Opinion
October 16, 2025 — 5.00am
October 16, 2025 — 5.00am
In this series, we explore all you need to know about Australia’s first treaty, between Victoria and its Indigenous peoples.
See all 13 stories.It is rare for state parliaments to lift above the humdrum. Most of the work they do is important and inherently dull.
When something comes along that reminds us of the transformative power of a speech or a piece of lawmaking – of the capacity of parliaments to genuinely inspire – you don’t want to miss the moment.
First Peoples’ Assembly co-chairs Ngarra Murray and Rueben Berg are congratulated by Premier Jacinta Allan and government minister Gabrielle Williams after their speeches to parliament on Tuesday.Credit: Jason South
Peter Dutton reflected on this after his decision to boycott the apology to the stolen generations delivered by former prime minister Kevin Rudd.
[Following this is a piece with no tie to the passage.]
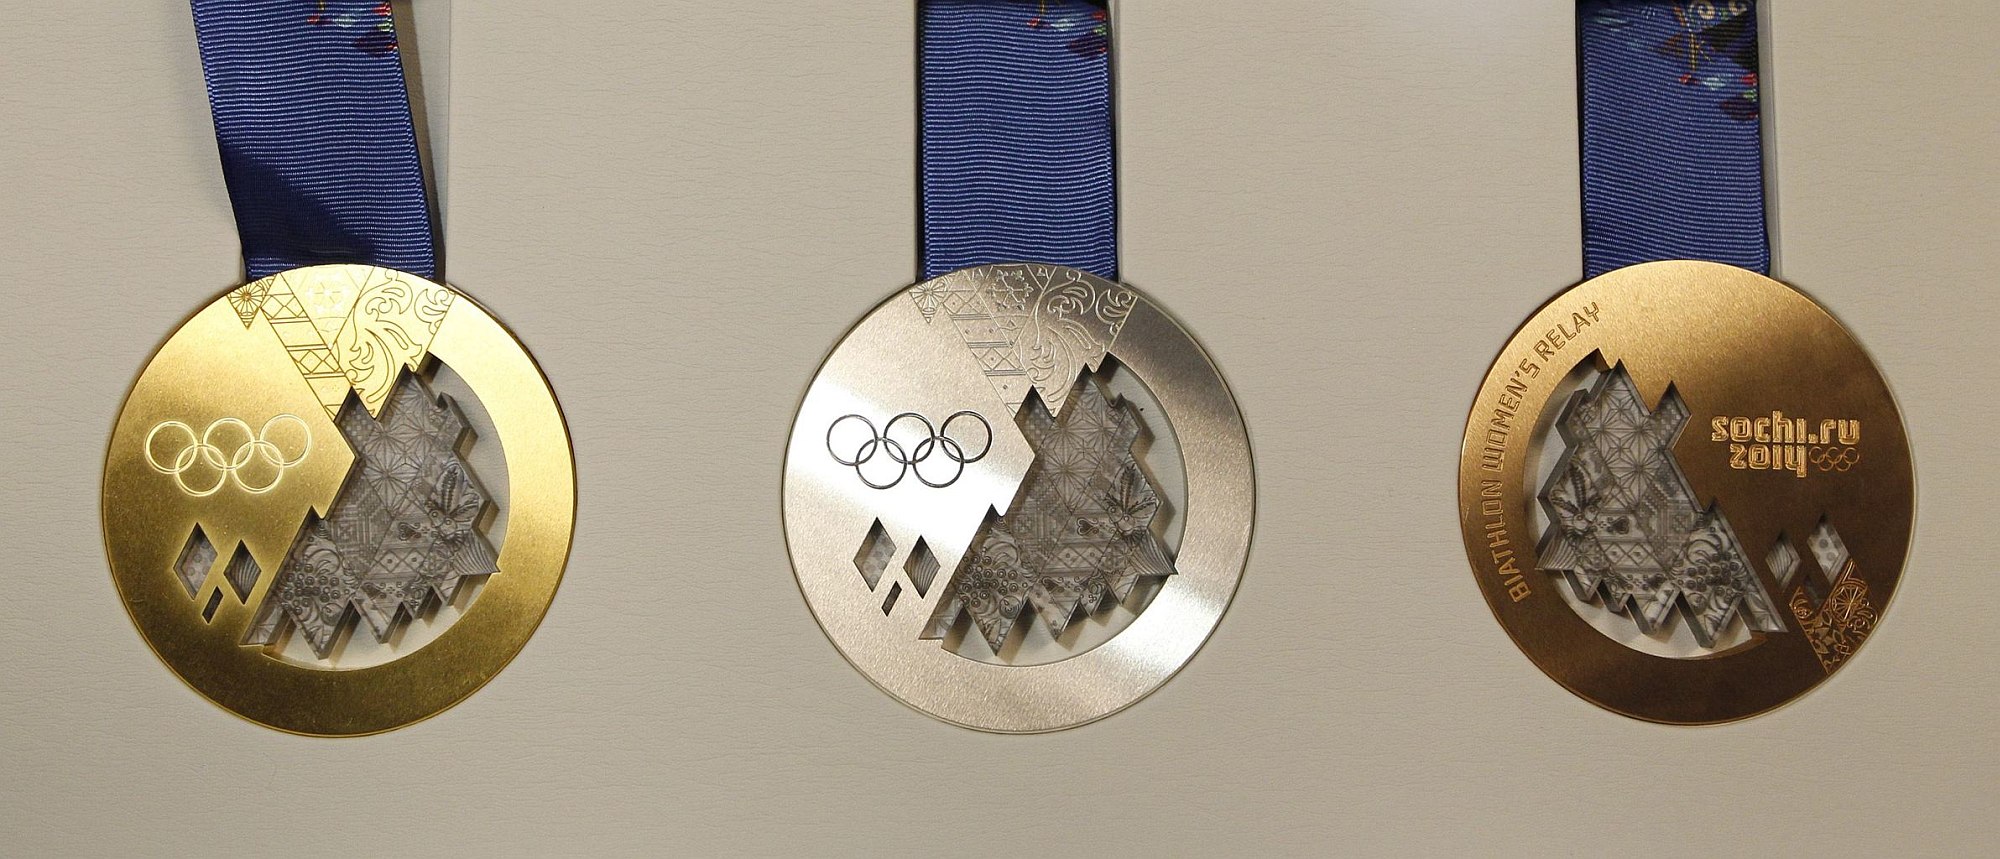 Олимпийская медаль 2014 года. Олимпийская Золотая медаль Сочи. Олимпийские игры в Сочи медали. Золотая медаль Сочи 2014.
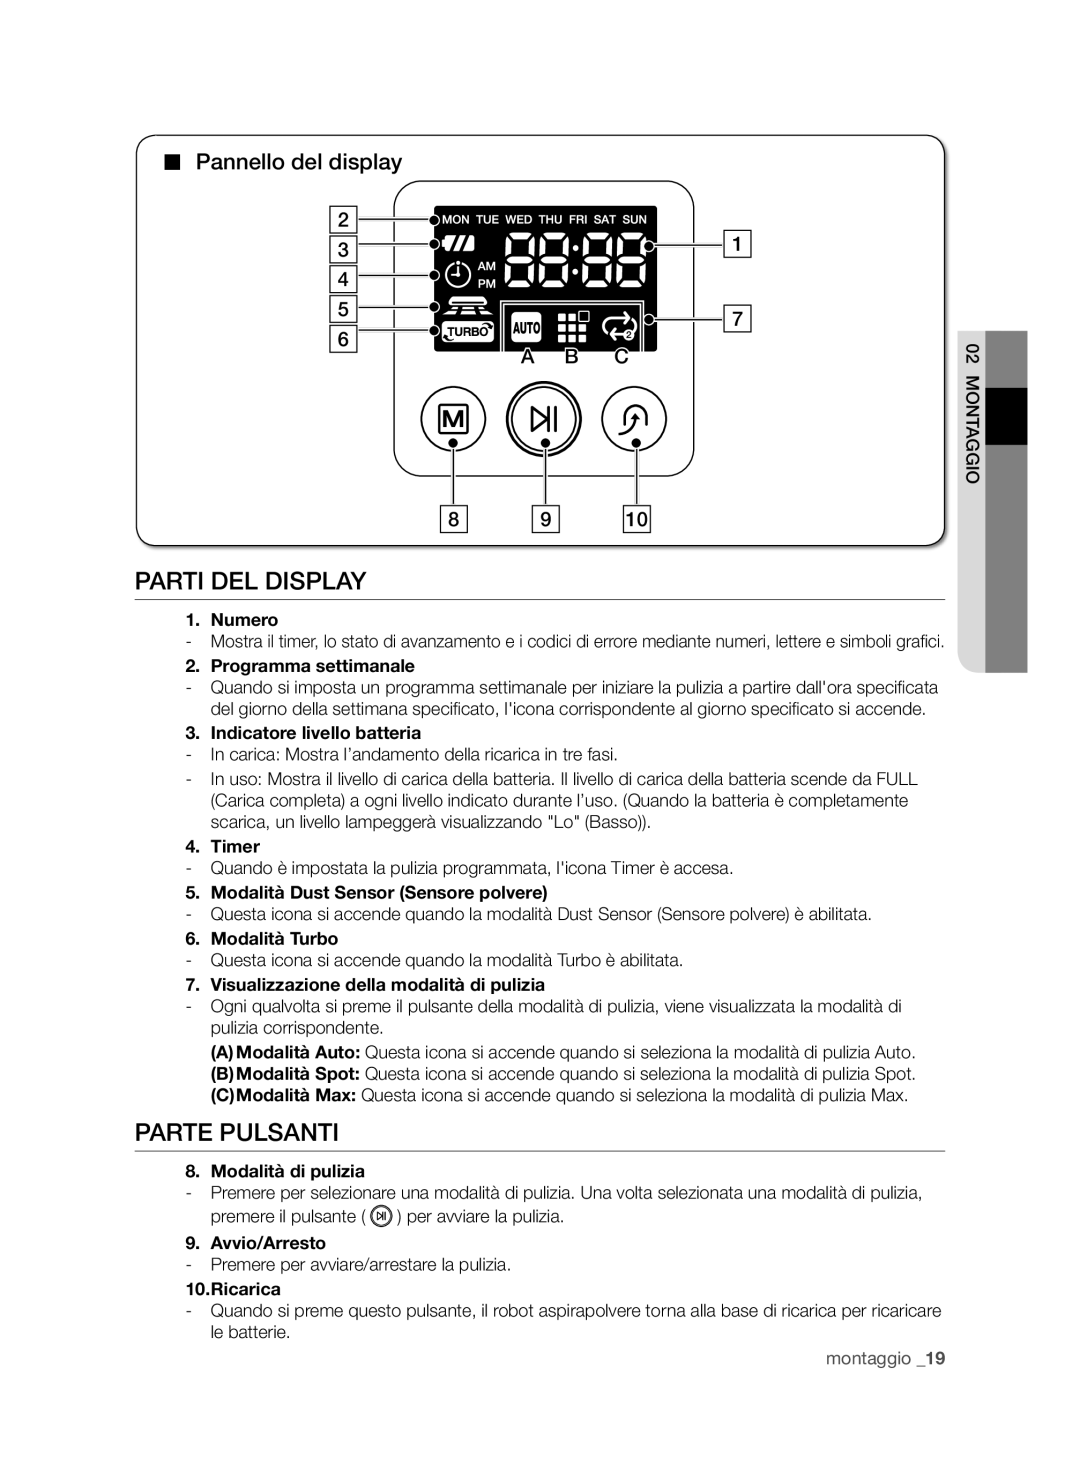 Samsung VCR8950L3B/XEF manual Parti Del Display, Parte Pulsanti, Pannello del display, A B C, Numero, Programma settimanale

The Liberal Party didn’t agree with the apology, but Dutton came to regret missing the moment and the message this sent.
More than one member of the federal press gallery has privately lamented that, despite being keen observers of politics, they failed to detect the energy coursing through Julia Gillard’s misogyny speech until it short-circuited YouTube.
There was a moment in the Victorian parliament on Tuesday when Ngarra Murray and Rueben Berg, the co-chairs of the First Peoples’ Assembly, walked onto the green carpet of the Legislative Assembly to tell us what a treaty means to Aboriginal people.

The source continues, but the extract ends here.